Пациенты с переломами проксимального отдела пятой плюсневой кости обычно обращаются к семейным врачам. Двумя основными типами переломов являются отрывные переломы бугристости и переломы диафиза плюсневой кости в пределах 1,5 см от бугорка (Таблица 1). В остром состоянии последний тип обычно называют переломом Джонса. Также возникают стрессовые переломы.

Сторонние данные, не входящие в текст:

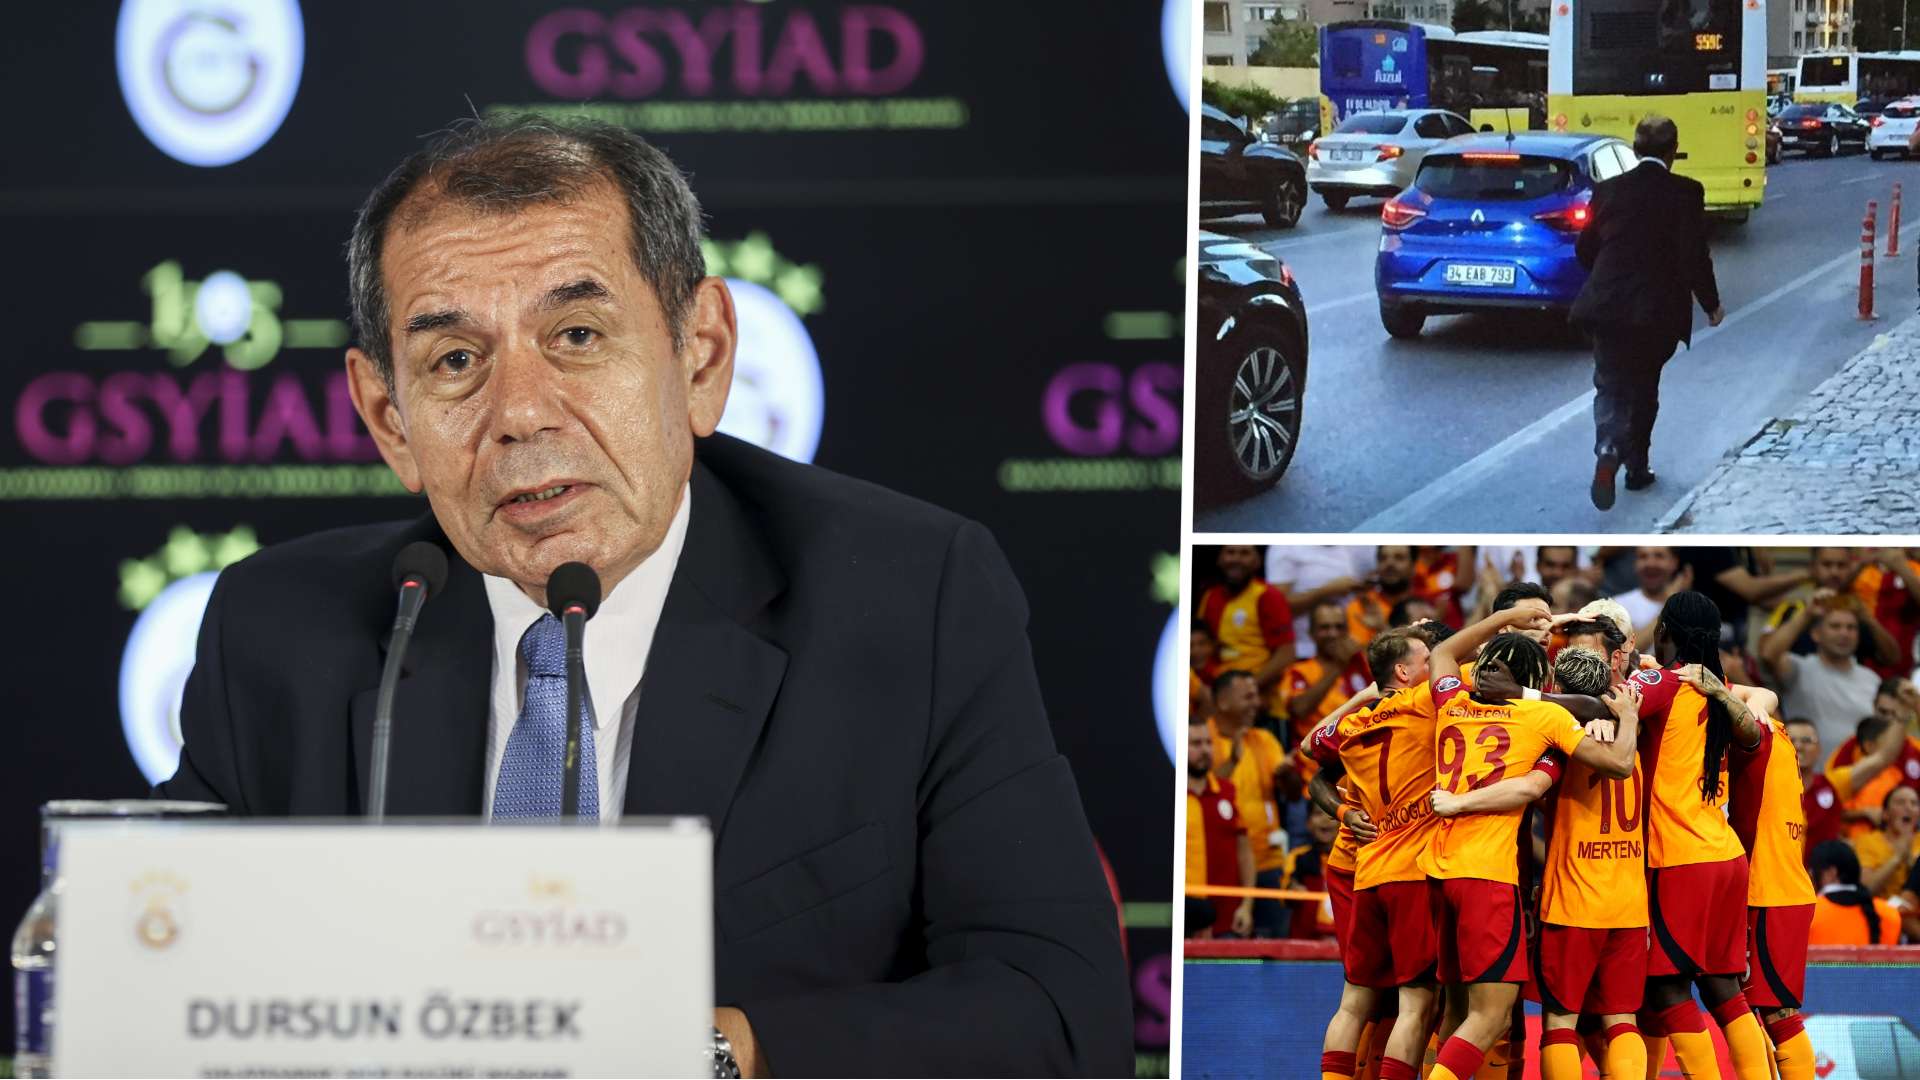 Dursun Ozbek Galatasaray President 2022

Посмотреть / распечатать таблицу

ТАБЛИЦА 1
Система классификации переломов проксимального отдела пятой плюсневой кости

A.Отрывной перелом бугорка

B. Переломы проксимального отдела плюсневой кости в пределах 1,5 см от бугорка

Острый перелом Джонса

Тип I: ранний

Тип II: отсроченное сращение

Тип III: несращение

Стресс-переломы

Тип I:

Тип II: отсроченное сращение

Тип III: несращение

ТАБЛИЦА 1
Система классификации переломов проксимального отдела пятой плюсневой кости

А.Отрывной перелом бугорка

B. Переломы проксимального отдела плюсневой кости в пределах 1,5 см от бугорка

Острый перелом Джонса

Тип I: ранний

Тип II: отсроченное сращение

Тип III: несращение

Стресс-переломы

Тип I:

Тип II: отсроченное сращение

Тип III: несращение

Анатомия и начальная оценка

Пятый плюсневой кость состоит из основания и бугорка , стержень (диафиз), шея и голова (рис. ure 1).Бугристость (шиловидный отросток) - это костный выступ, который выступает латерально и подошвенно от основания пятой плюсневой кости. Дистальный метафиз сужается к трубчатому диафизу (стержню) пятой плюсневой кости. В этой области возникают острые и стрессовые переломы диафиза плюсневой кости в пределах 1,5 см от бугорка. Связанные с этим структуры мягких тканей включают латеральную полосу подошвенной фасции, сухожилие короткой малоберцовой мышцы и сухожилие третичной малоберцовой мышцы. Сухожилие короткой малоберцовой мышцы прикрепляется веером через проксимальную пятую плюсневую кость.Напротив, статическая латеральная полоса подошвенной фасции имеет сфокусированное прикрепление к проксимальному концу пятой плюсневой кости. Обе структуры участвовали в переломах отрывного типа.2–5

Посмотреть / распечатать Рисунок

РИСУНОК 1.

Анатомия и регионарные структуры проксимального отдела пятой плюсневой кости.


РИСУНОК 1.

Анатомия и региональные структуры проксимального отдела пятой плюсневой кости.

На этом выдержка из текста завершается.